After receiving NOTIFY on a secundairy IP powerdns uses the primary IP for the zone transfer

[dekker-m]

Last week I noticed some behavior which I did not expect regarding NOTIFY/zone transfers. We use some kind of a hidden master setup for one of our DNS clusters. The diagram below shows a similar network setup.

host1 ----\                                                /----- NOTIFY ---- ns1
           \                                              /
host2 --------> NOTIFY ----> (IP2) | Hidden master | (IP1) ---- NOTIFY ---- ns2
           /                                              \
...   ----/                                                \---- NOTIFY ---- ns3

1. The host1, host2, ... all run local DNS servers with master zones (non-powerdns).

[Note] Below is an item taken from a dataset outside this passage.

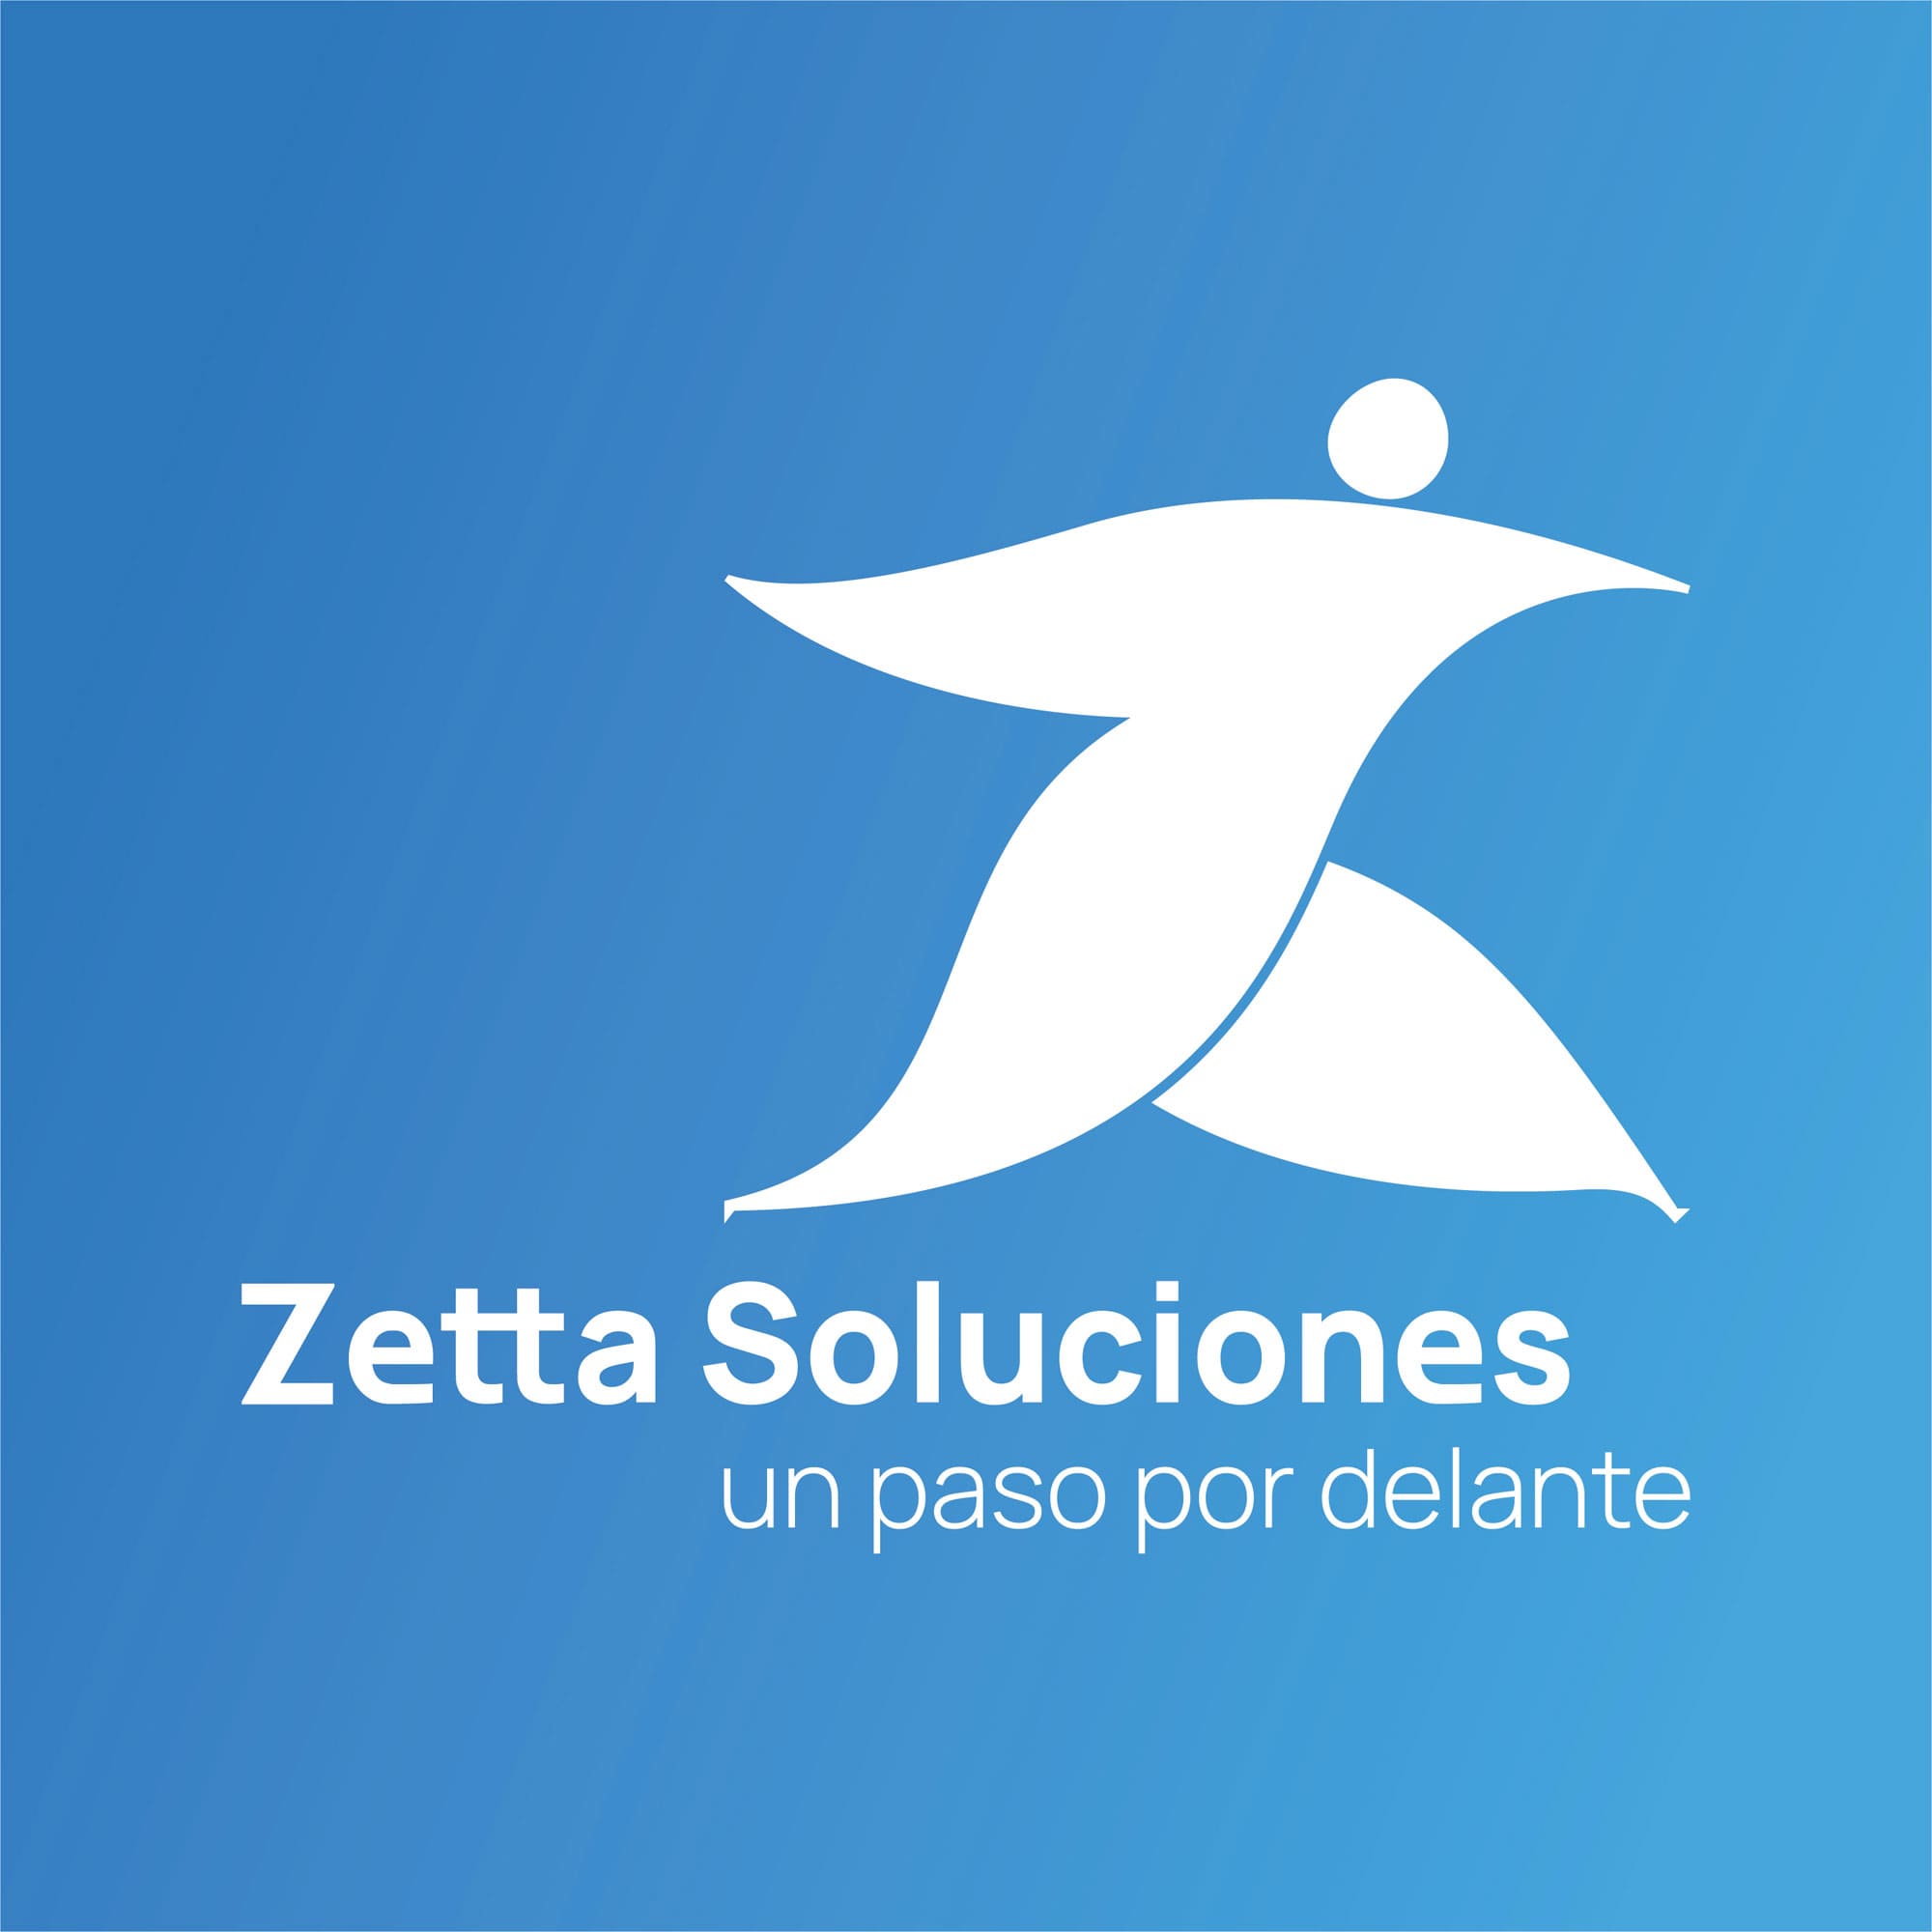 Logotipo en negativo de Zetta Soluciones, empresa de desarrollo de software.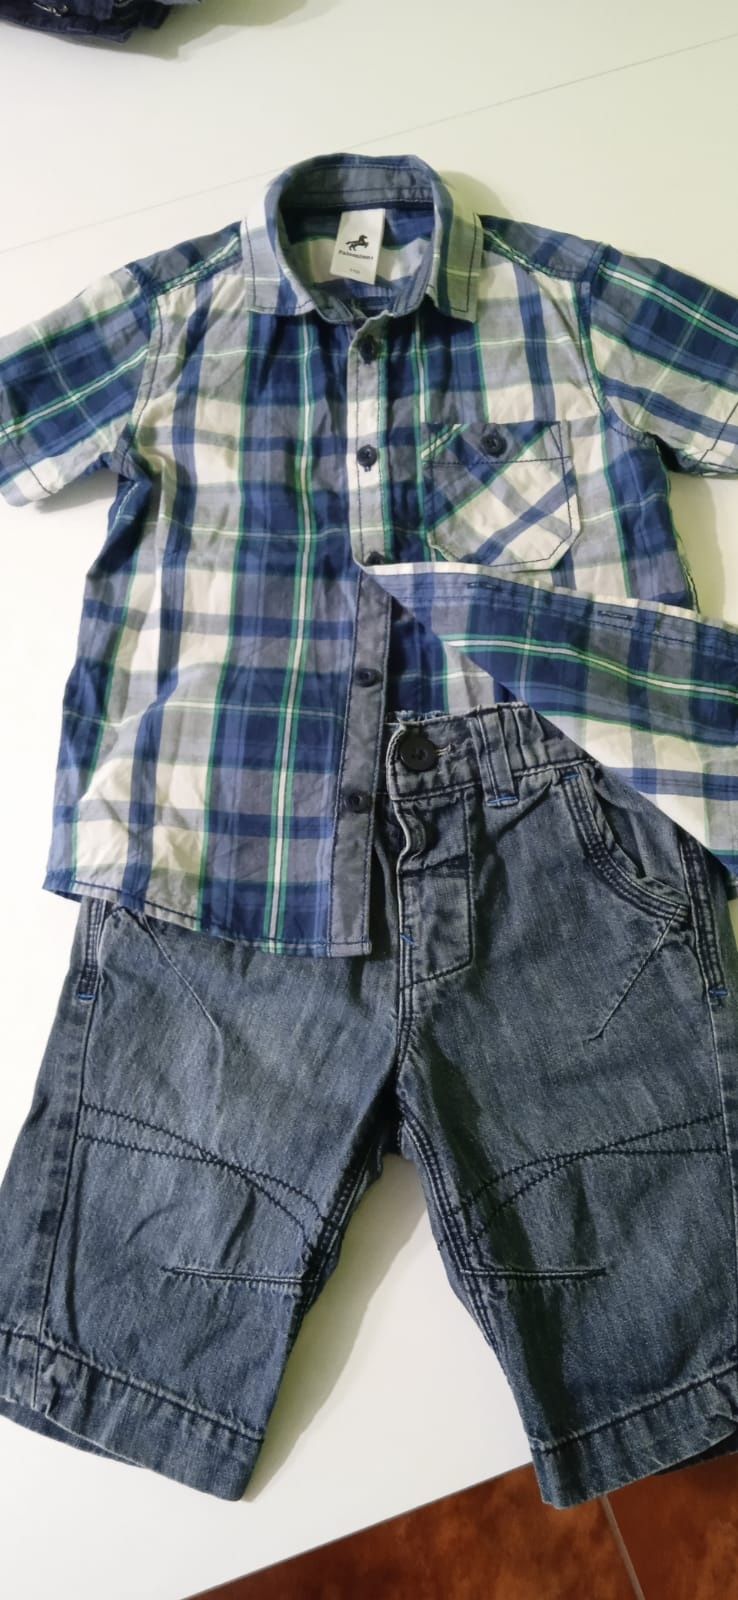 Krótkie spodenki jeansowe oraz koszula krótki rękaw

They are configured to send the NOTIFY message to IP2 and allow zone transfers from IP2.
2. The hidden master has two IP addresses on the same ethernet card.The hidden master is PowerDNS.
3. The servers ns1, ns2 and ns3 are all PowerDNS, configured with the hidden master as their supermaster. The hidden master sends NOTIFY messages to this servers.

In this setup, IP1 is the primary IP for this server and IP2 is the secundairy IP. IP1 is configured as the supermaster in the ns1, ns2 and ns3. The host1, host2, etc. are configured to NOTIFY the hidden master on IP2. So far, so good, but here is where the problem starts.

Once the hidden master receives a NOTIFY on IP2, is starts the zone transfer, but it tries to executes the zone transfer from IP1. I would have expected that a DNS server will execute the zone transfer from the same IP on which it received the NOTIFY query.

The RFCs do not seem to mention anything on this behavior, but personally, I would think it makes sense to use IP2 in this case as the source of the zone transfer. In fact, the other server is probably configured to accept zone transfers from this IP.

I know you can modify the IP from which PowerDNS will sent ALL of it's queries. But this makes it impossible for ns1, ns2 and ns3 to receive the NOTIFY queries from IP1.

Suggested solution: Execute the zone transfer from the same IP as the notify query is received on. In addition, store the local IP on which the NOTIFY was received for executing future zone transfers (in case the zone needs a zone transfers after the SOA refresh has expired and the master's SOA serial record has changed for this zone.)

[rgacogne]

Perhaps the AXFR-SOURCE metadata option 1 might be of help here, at least as a workaround.

[dekker-m]

The AXFR-SOURCE metadata would indeed be a workaround. However, it will only work for existing domains and not new domains which are accepted because the source IP is a supermaster. Those domains will not be in the database. For existing domains a trigger for the domains table can be added so the domains will automatically add the AXFR-SOURCE metadata.

Can you think of a workaround for new domains which should be accepted because the source IP is a supermaster?

[dekker-m]

Just ignore my previous comment ;-)

I just added a trigger to the domains table and it seems to work like expected. For those who have a similar problem, I used the following trigger for MySQL:

DELIMITER |

CREATE TRIGGER `insert_axfr_source` AFTER INSERT ON `domains`
  FOR EACH ROW
  BEGIN
    INSERT INTO `domainmetadata` (`id`, `domain_id`, `kind`, `content`) VALUES (NULL, NEW.id, 'AXFR-SOURCE', 'YOUR-IP-HERE');
  END;
|

Keep in mind, this will add the AXFR-SOURCE to all domain types (MASTER/SLAVE/NATIVE). If you wish to only insert this metadata for SLAVE domains you should add an IF statement in the domains.

[Habbie]

If you want this on all domains, why not set query-local-address in pdns.conf instead?

Also, closing this as I understand your problem is solved.